The data file consists of row-level data where most of the columns are features from the Watson API. In the course of running the model, you execute dimensionality reduction to reduce the API outputs down to 10 dimensions, then uses a logisticic regression and feature importance scores to identify what propensities are most significant to each brand. This model should be thought of as additive to other modeling techniques (e.g. behavioral, customer journey mapping, etc), because on its own it does not capture all the factors that would lead to a purchase decision.

d

This is a nuance technique with many steps - here's a breakdown of how to proceed:

Pre-processing: Data Collection via Watson Personality Insight API (not shown) -- the tutorial script starts with a data file that has merged insights from a couple sources:

  • Personality Insights Watson API -- all data sources except Consumption Preferences (which have been remove)
  • For stability and reproducability, the data has been transformed to logical vectors.
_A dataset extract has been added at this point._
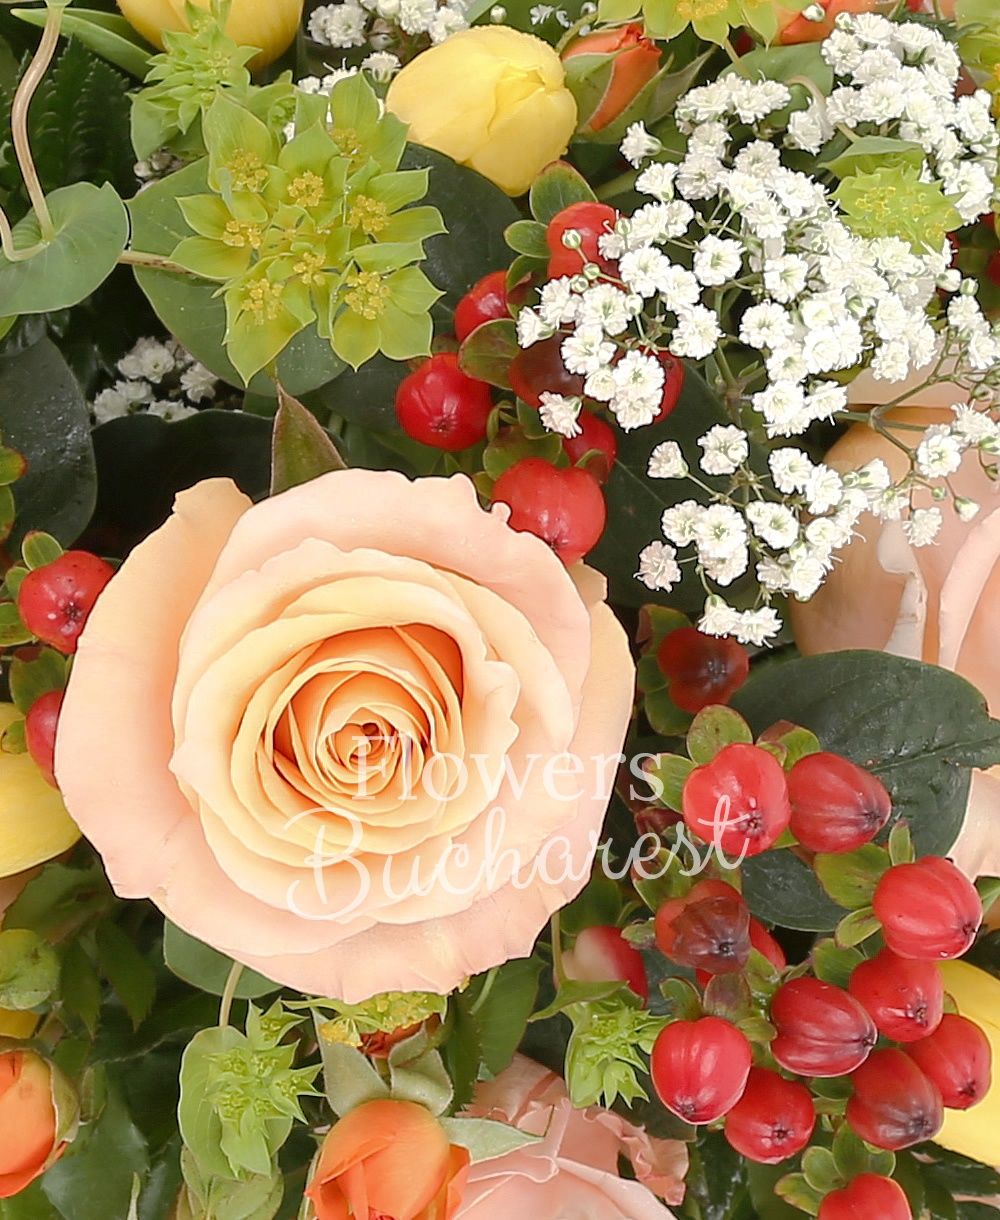 6 cream roses, 5 orange miniroses, 3 red hypericum, 7 yellow tulips, greenery

Any value of '1' indicates a percentile score of 90 or higher in the raw API output. And value of '0' indicates a percentile score below 90
  • this data can be pulled via the Watson API shown in the Aspiration Model repo and transformed to this format
  • there is also a column called 'Brand Flown' which is the target variable to predict psychographic propensities for. There are many ways to obtain this including via survey results or other source.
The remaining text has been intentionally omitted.